My son and I have been going to hockey games for three years. He’s four!

Last year we had the moment of insight that the kid couldn’t actually see the game because he was too small. He never thought to say anything, and I never thought to ask. The poor kid went to something like 20+ games before we realized he wasn’t actually watching the game. No wonder he was bored!

One thing that always surprised me was why when the Sharks scored did he look terrified?

Last night I figured it out. A goal in a hockey game is like a random loud event to Nicholas. He has no idea why or how the goal got scored. The whole sequence appears random.

How did the least observant parent of the year figure this one out? Because Marleau scored on a break-a-way and Nicholas was standing and cheering. More importantly he was proud of the fact that he had raised his hands like everybody else at the same time! He was going: I raised my hands like everyone else…

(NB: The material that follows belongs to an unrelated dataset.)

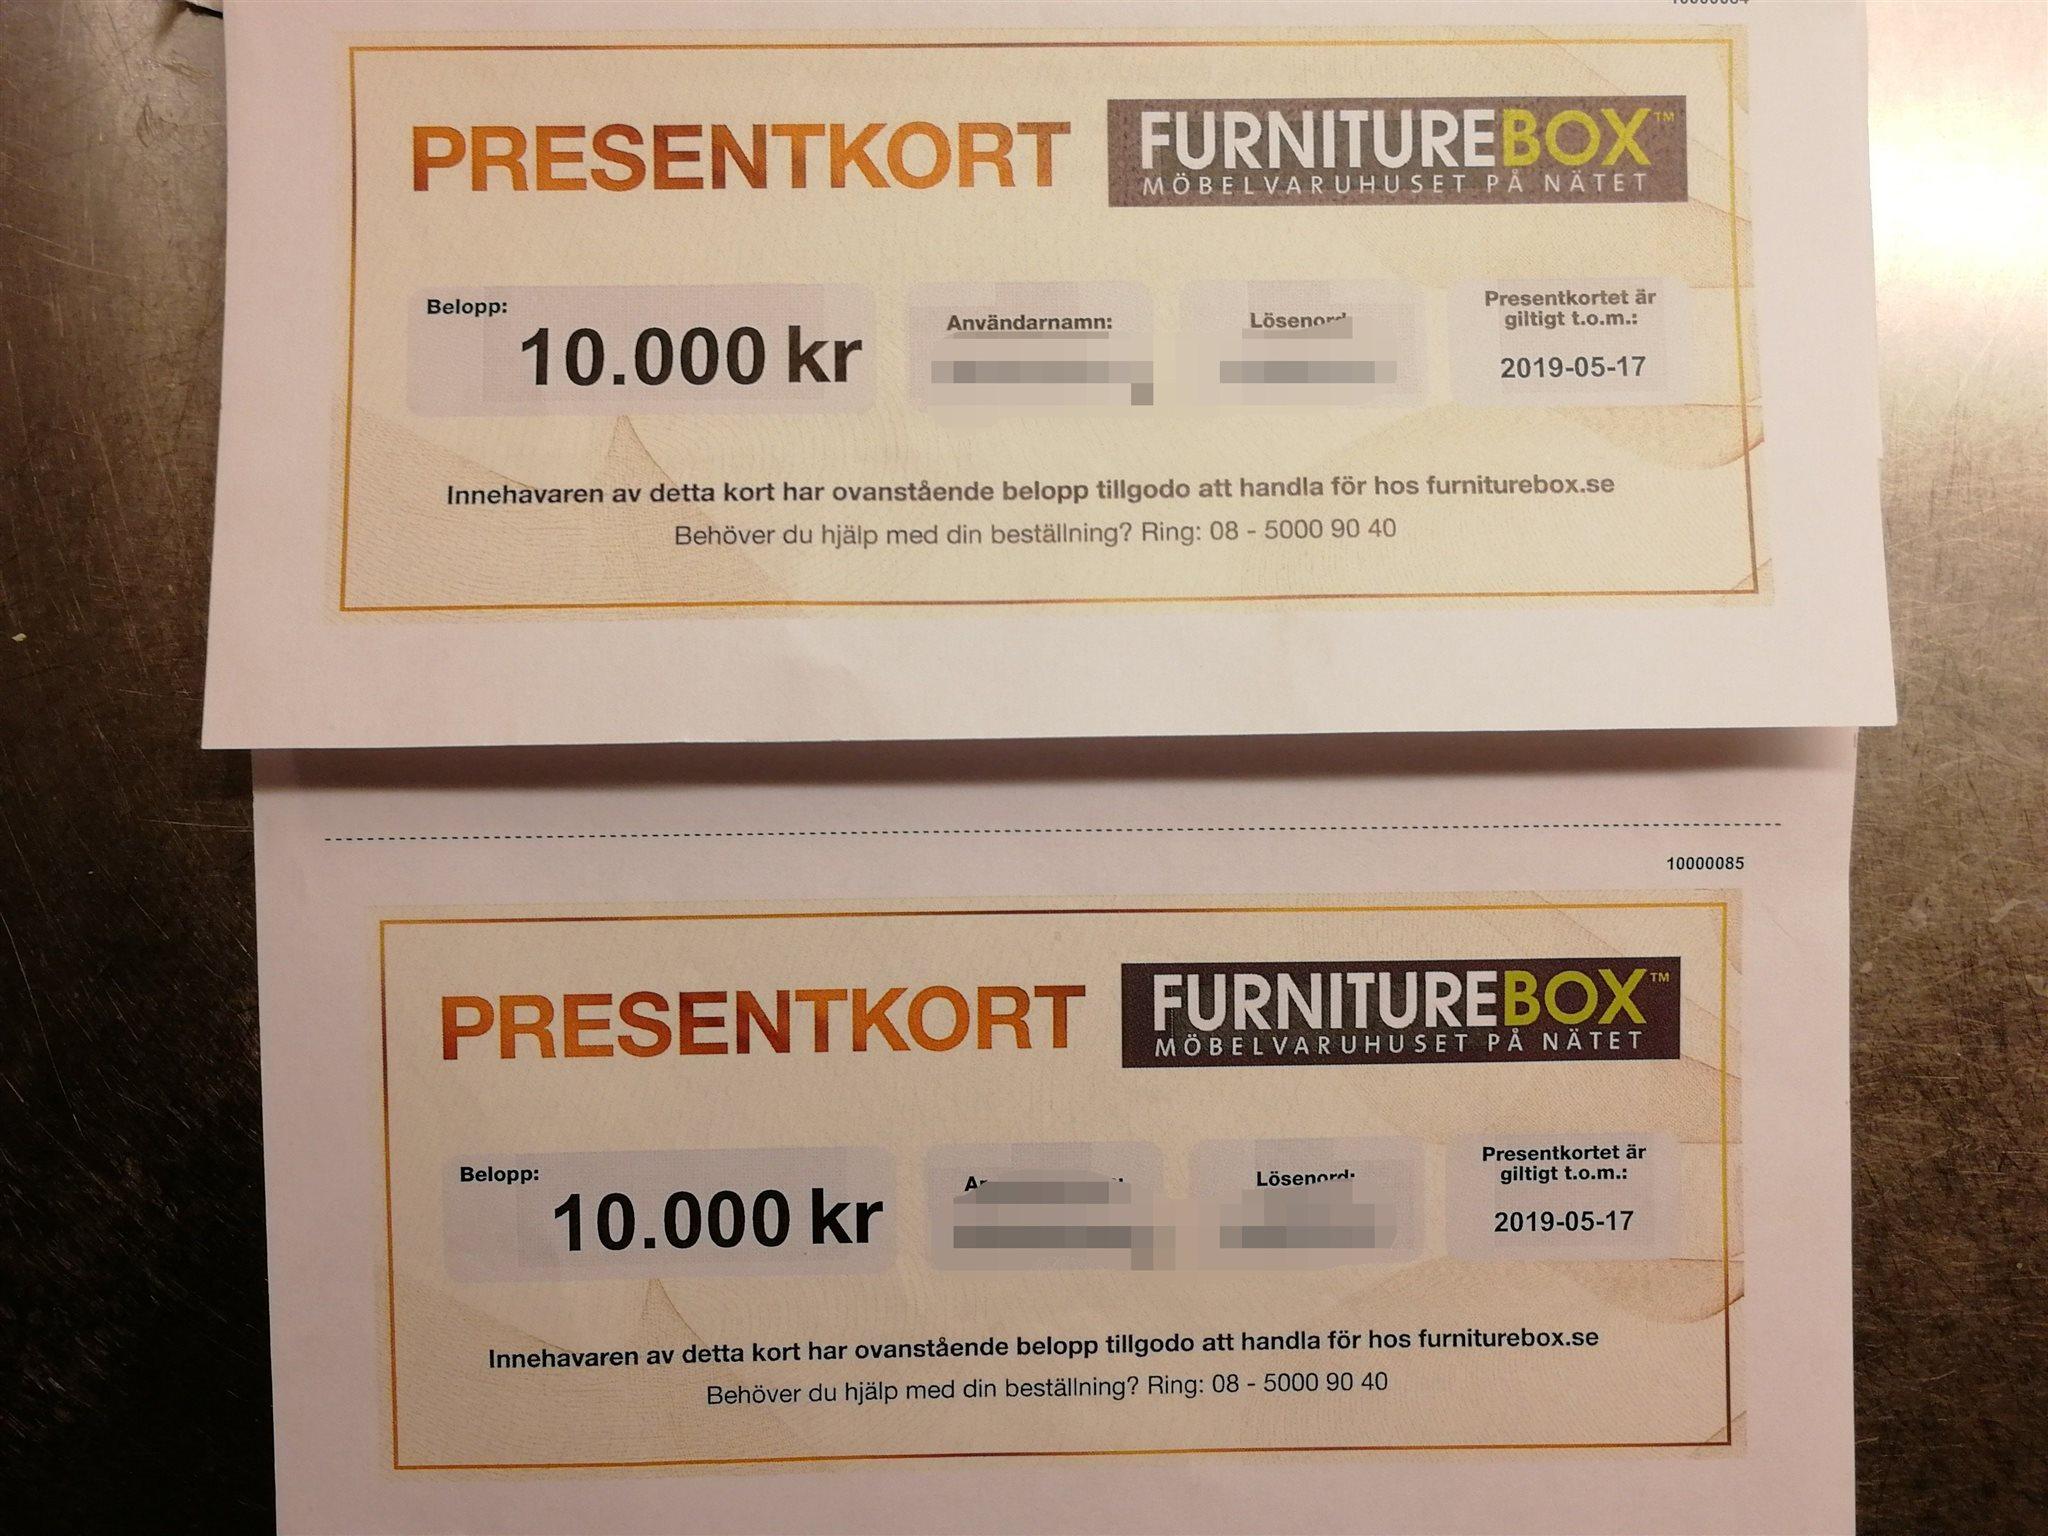 Presentkort på furniturebox (20 000 -) (335773711) ᐈ Köp på Tradera 53817b314a756

The poor kid had been trying to figure out why all of these adults simultaneously stood up and cheered! And the reason he was freaked out was because it was like this room full that suddenly erupts – for no apparent reason – in a loud shout… I would be freaked out as well… And he was frustrated, I think, that he didn’t understand.

This is why baseball and soccer have such a broader following. A baseball game event is obvious. The ball is hit, the player runs. In soccer the pace is sufficiently slower that a neophyte fan can follow what happens. A hockey game, on the other hand, is a sequence of bounces, abrupt changes in motion followed by a goal and appears to inscrutable.

I think, maybe, now my kid is going to start enjoying the game.